**Data supplied:**
#####
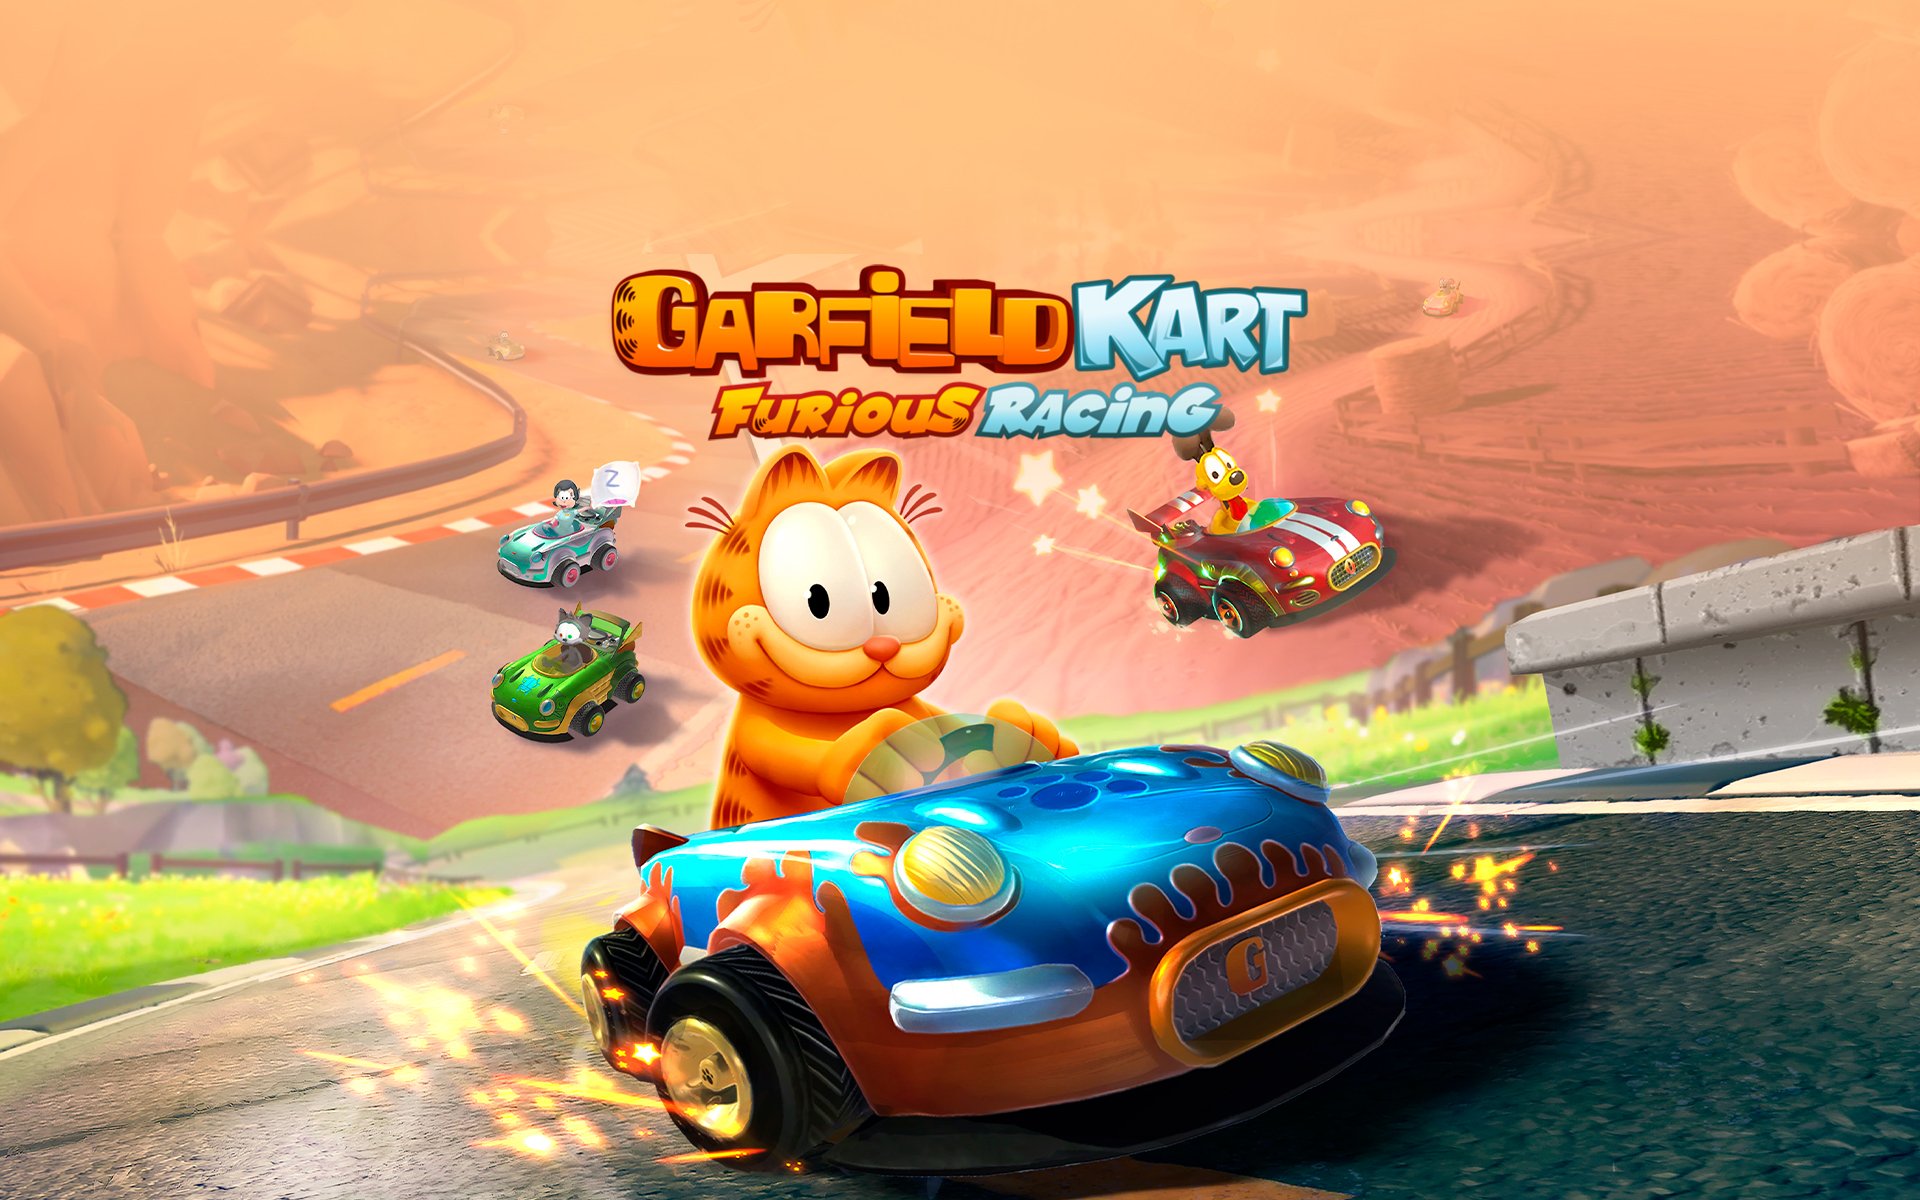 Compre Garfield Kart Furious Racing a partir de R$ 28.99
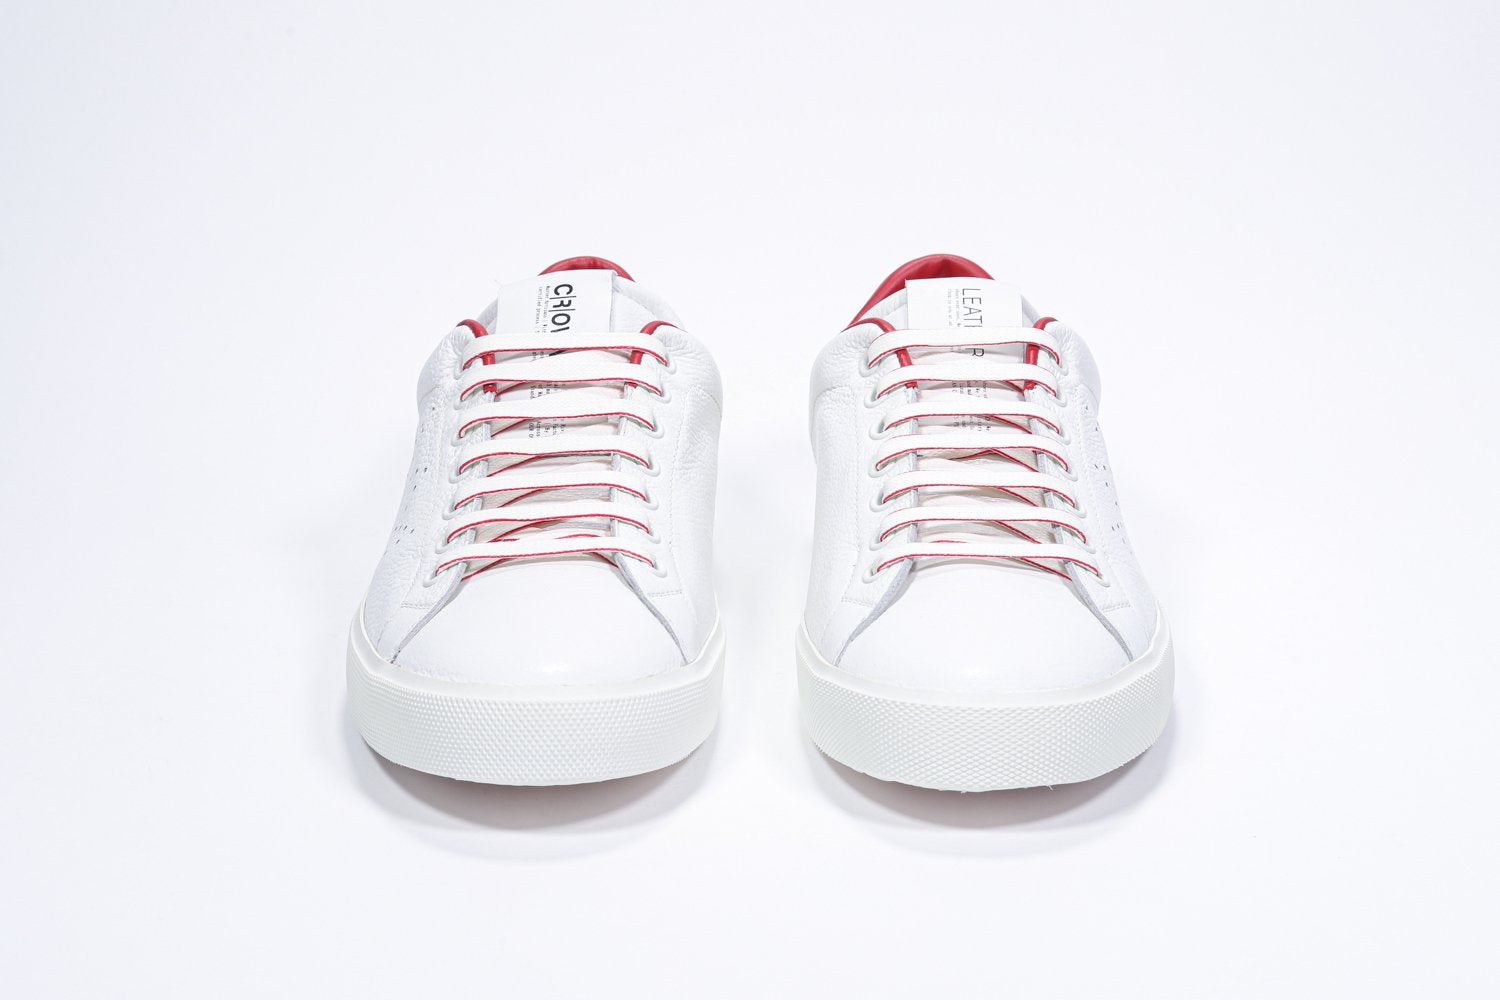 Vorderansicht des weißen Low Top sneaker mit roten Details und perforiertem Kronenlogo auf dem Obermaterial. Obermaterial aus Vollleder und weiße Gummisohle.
#####
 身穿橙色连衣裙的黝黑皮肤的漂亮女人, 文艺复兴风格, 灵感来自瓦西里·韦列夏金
#####
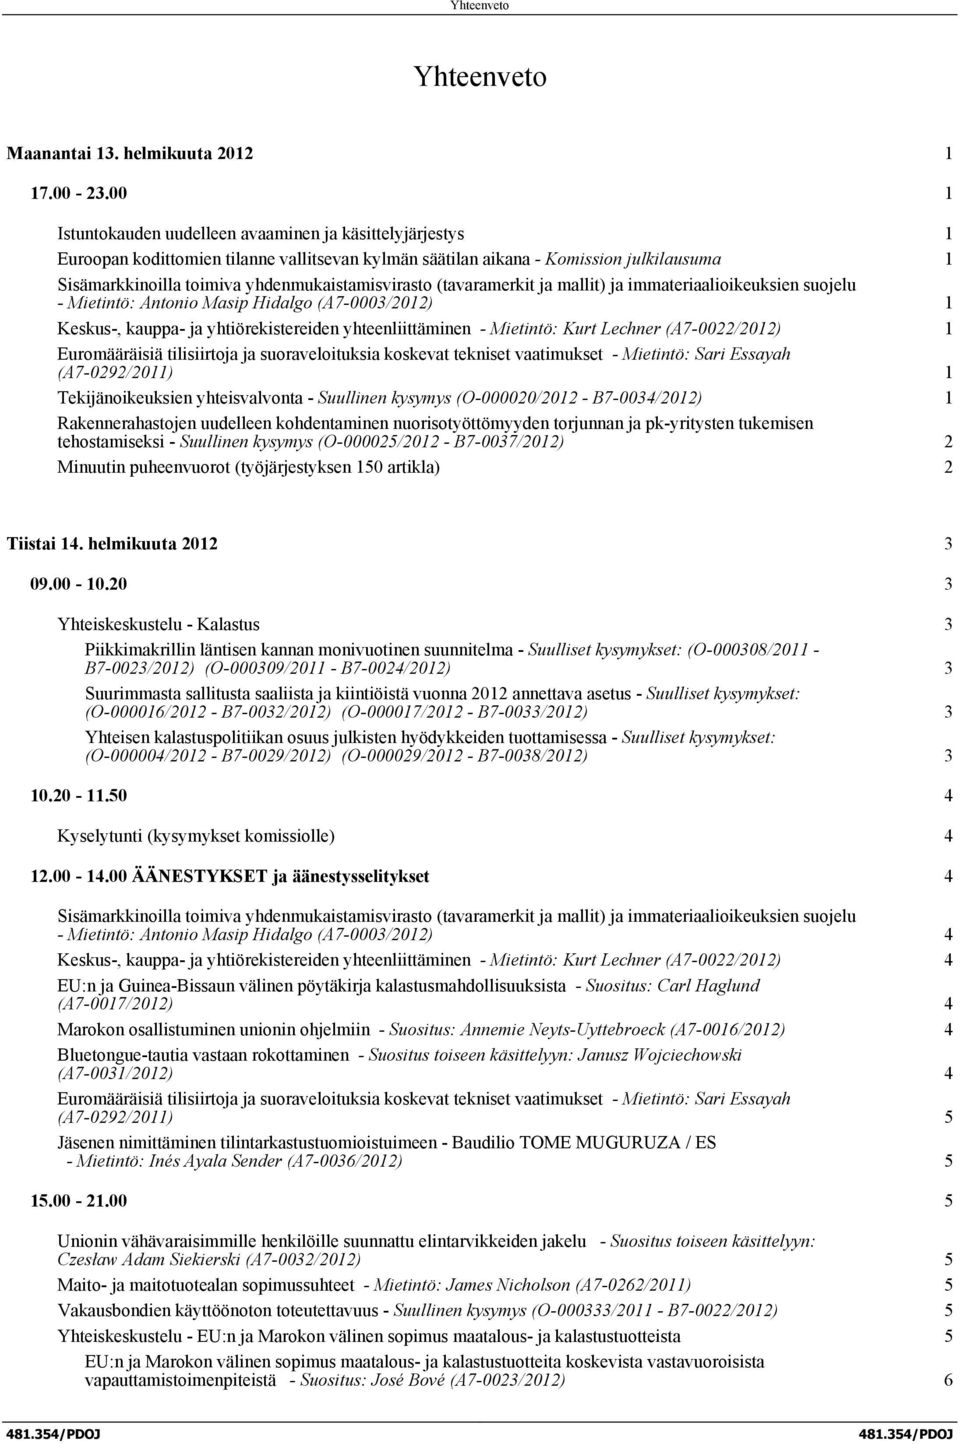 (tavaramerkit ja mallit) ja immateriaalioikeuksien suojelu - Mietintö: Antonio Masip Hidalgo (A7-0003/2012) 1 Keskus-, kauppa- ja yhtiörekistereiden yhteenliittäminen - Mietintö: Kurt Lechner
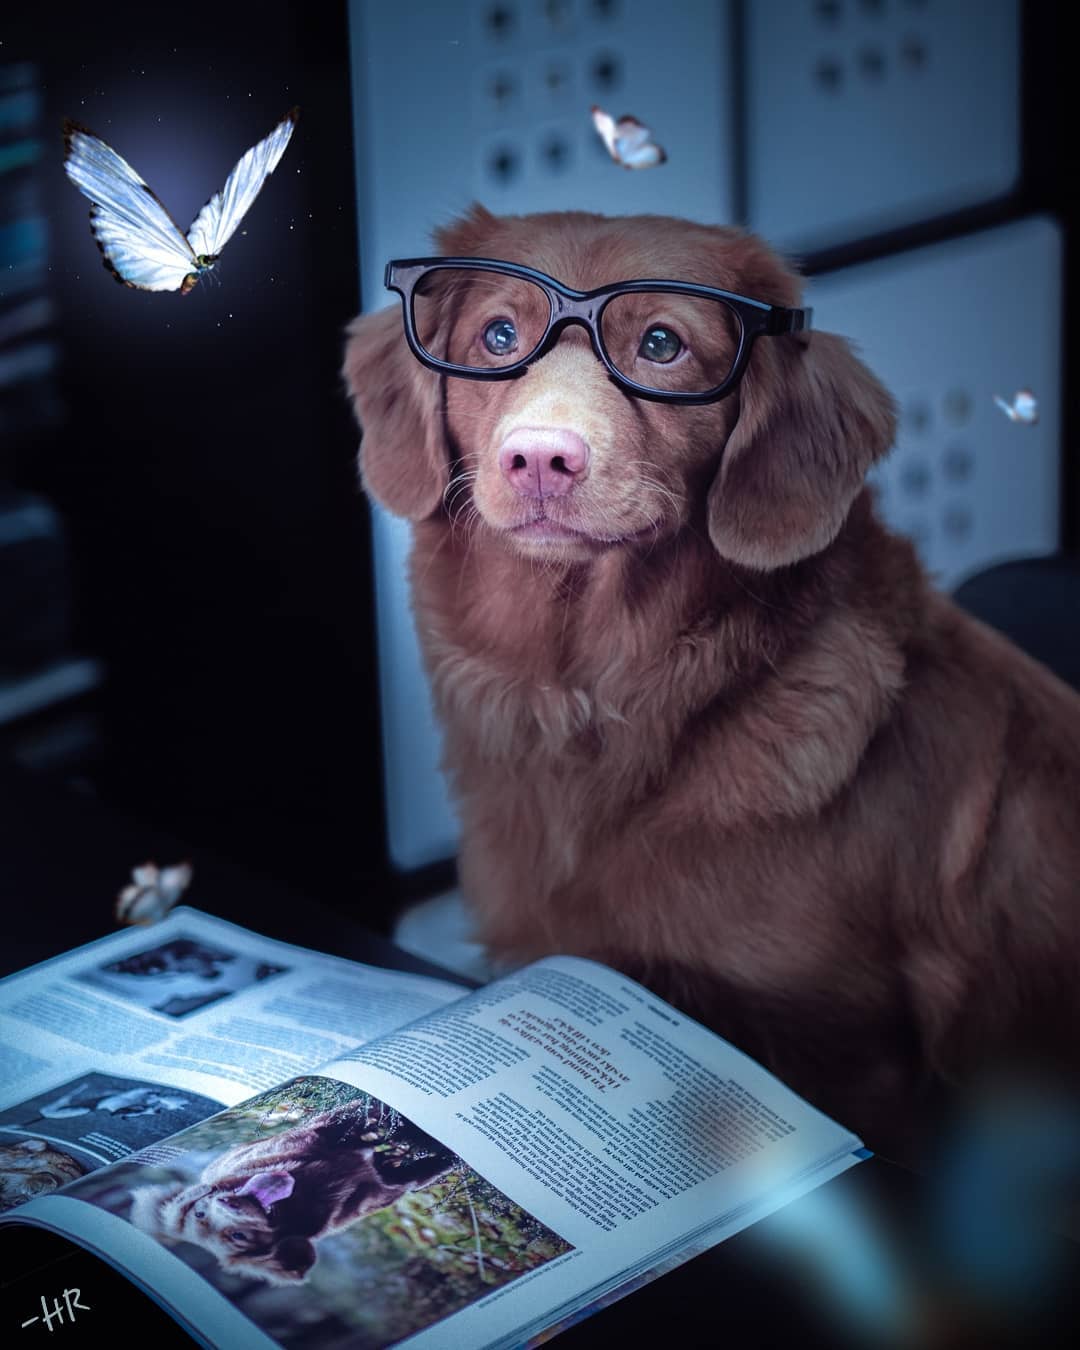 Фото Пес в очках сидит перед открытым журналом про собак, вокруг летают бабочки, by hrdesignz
#####
**Task to complete:** Go to the line above that has "Compre Garfield Kart" and copy exactly from there down to the line that has "Vorderansicht des weißen", both included. Leave the pictures out.

**Result of the exercise:**
 Compre Garfield Kart Furious Racing a partir de R$ 28.99
 Vorderansicht des weißen Low Top sneaker mit roten Details und perforiertem Kronenlogo auf dem Obermaterial. Obermaterial aus Vollleder und weiße Gummisohle.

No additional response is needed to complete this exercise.